Dealing with your sexuality is complicated enough when you know you’re straight, but can be confusing and stressful when you’re attracted to someone of the same sex. Discovering your sexuality is a process, and it can be helpful to talk with a counsellor as you’re trying to sort out your feelings. If you know you’re gay or bisexual and you’re coming out, the support of a counsellor can help you find ways to protect yourself from negative reactions.
Physical and Mental Health
You’ve probably heard about the mind-body connection, about how our thoughts and emotions affect our physical health. Some thoughts can direct us to behaviours that are harmful and even life-threatening. An example is a person with an eating disorder who thinks she’s overweight even when she’s too thin, and she limits her food intake. She also might force herself to vomit, take diet pills or laxatives, or exercise a lot. Females are more likely to have an eating disorder than males, but up to 15 percent of teens with this problem are males. If you have an eating disorder, you might try to keep it a secret, which isn’t a good idea because there’s a risk of serious damage to your body. Often, it’s a family member or friend who notices the thinness and urges the person to go for help.

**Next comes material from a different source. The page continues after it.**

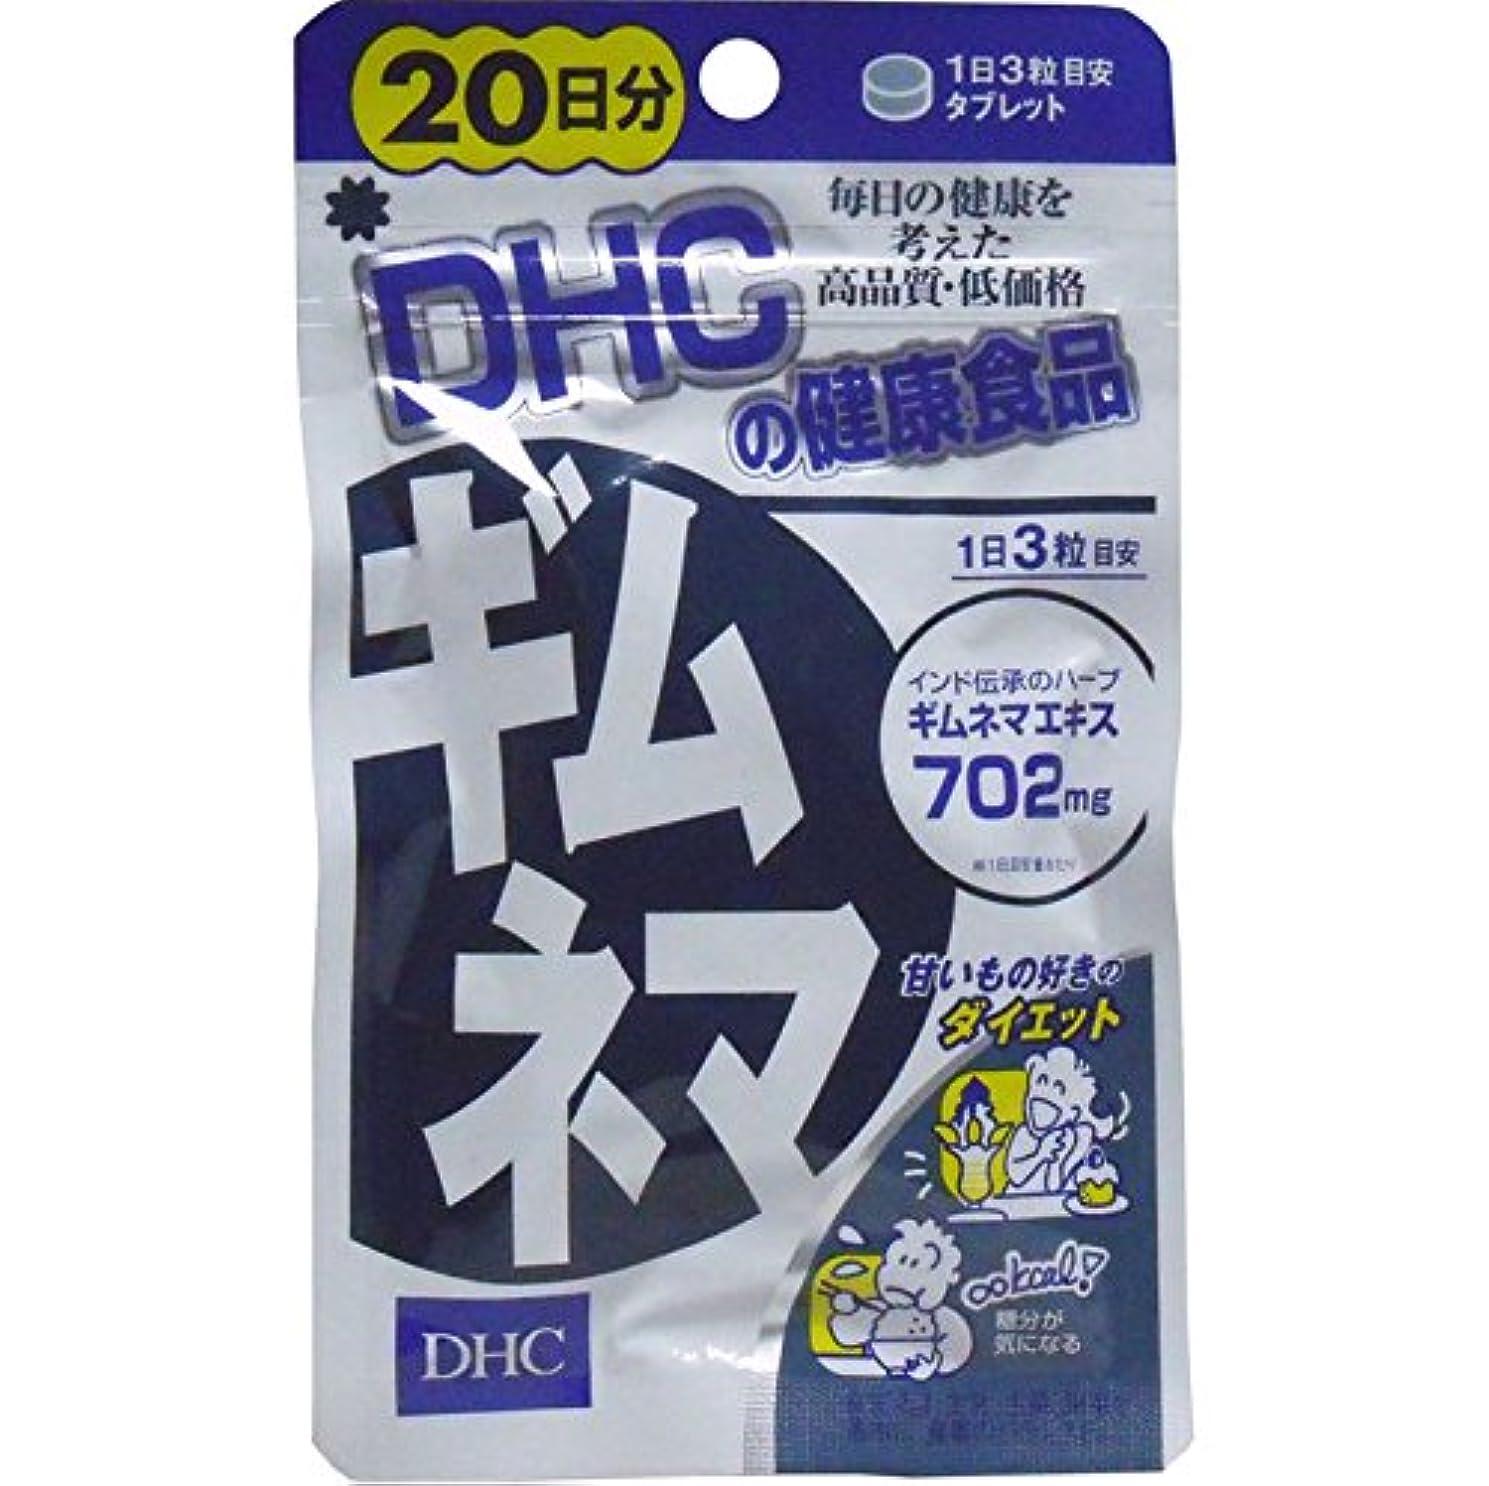 シャンプーとティームショット余分な糖分をブロック DHC ギムネマ 20日分 60粒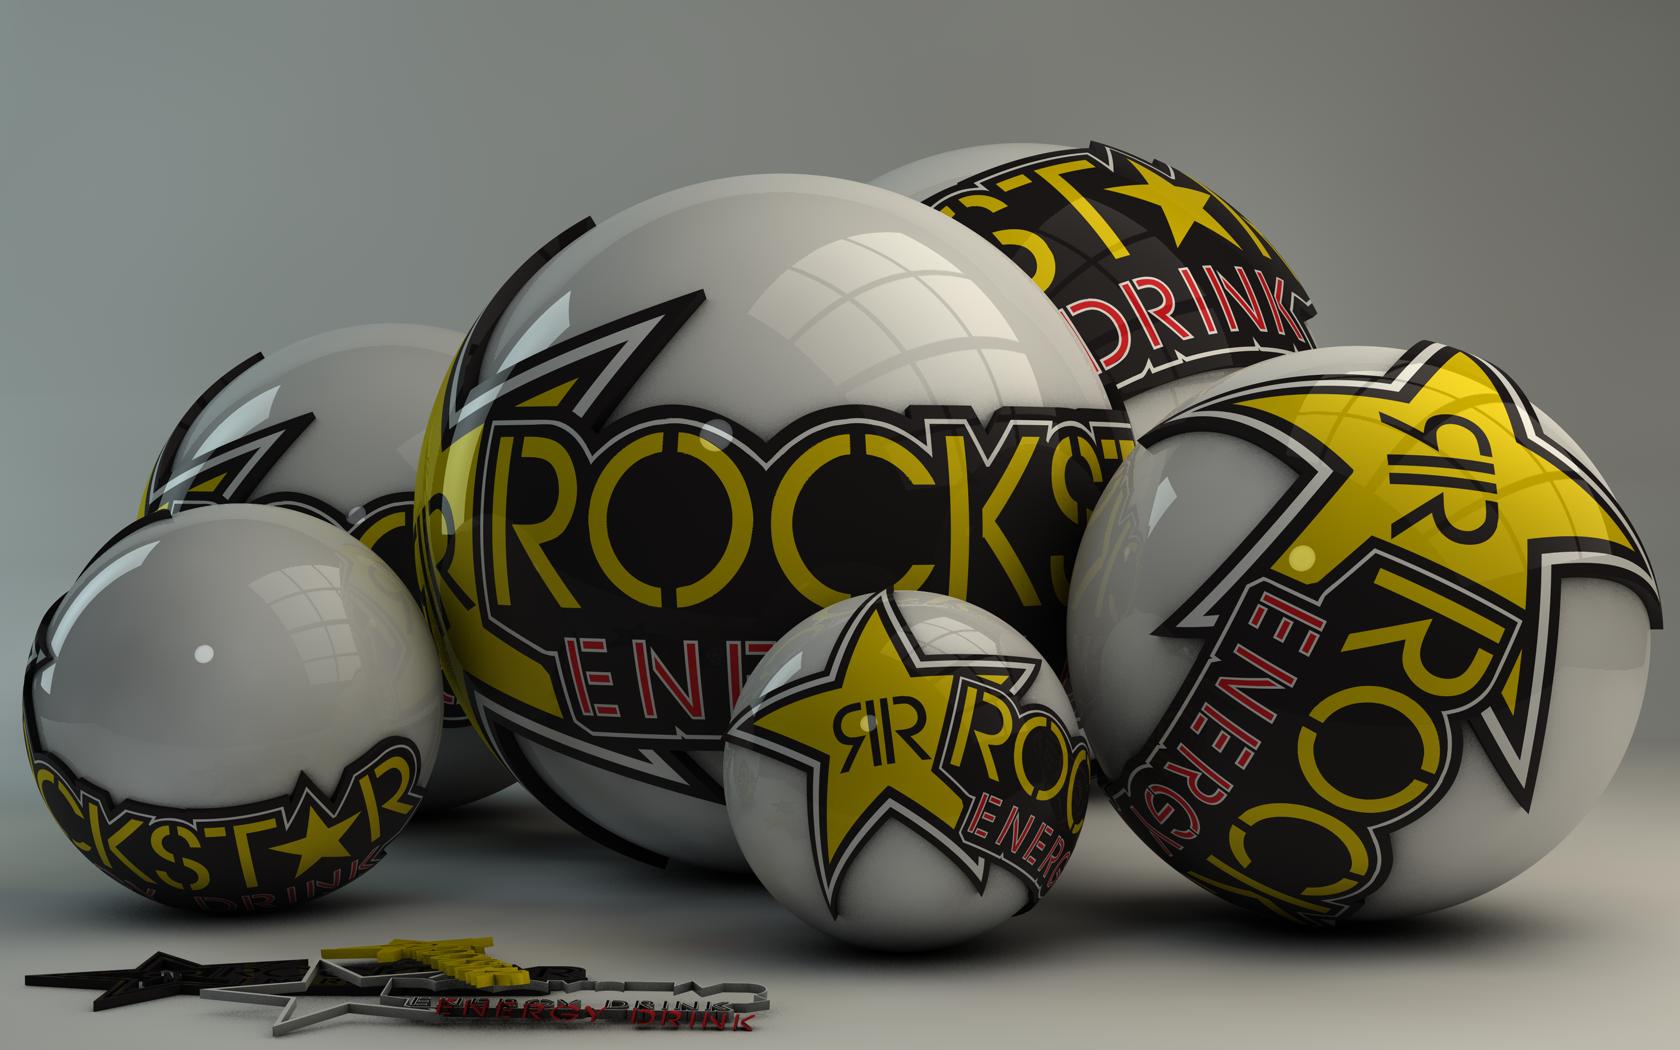 Rockstar Energy Drink Logo Balls by Dracu Teufel666 1680x1050

Alcohol and drugs also affect the body. What starts out as curiosity, or just going along with what everyone else is doing, can end up as a habit: something you do regularly when you’re bored, stressed, down, or hanging out with certain friends. Then it becomes something you need every weekend or every day.
Substances can wreak havoc on your body’s organs, like your brain and liver. Surprisingly, substances can actually cause mental health problems. Alcohol, for example, is relaxing, but it’s a depressant and can bring your mood down. Each of the street drugs has its own effect on your brain; for example, using marijuana over time can make you anxious, or so laid back that you have no initiative. Then there are the legal problems: you might never have thought you could get charged.
Your use of alcohol and drugs is a personal decision, and the CMHS counsellor isn’t going to preach at you. If you’re getting concerned, however, the counsellor can be a sounding board.
Anger is such a complicated emotion. Something that angers one person might hardly register on another. There are naturally hot-tempered people, and others who are mellow most of the time. Some people express anger outwardly, while others hold in their anger.
It’s important to know that anger can be a normal emotion that tells us that we need to protect ourselves or change something. It’s not healthy, however, if it’s expressed in a way that hurts you or another person.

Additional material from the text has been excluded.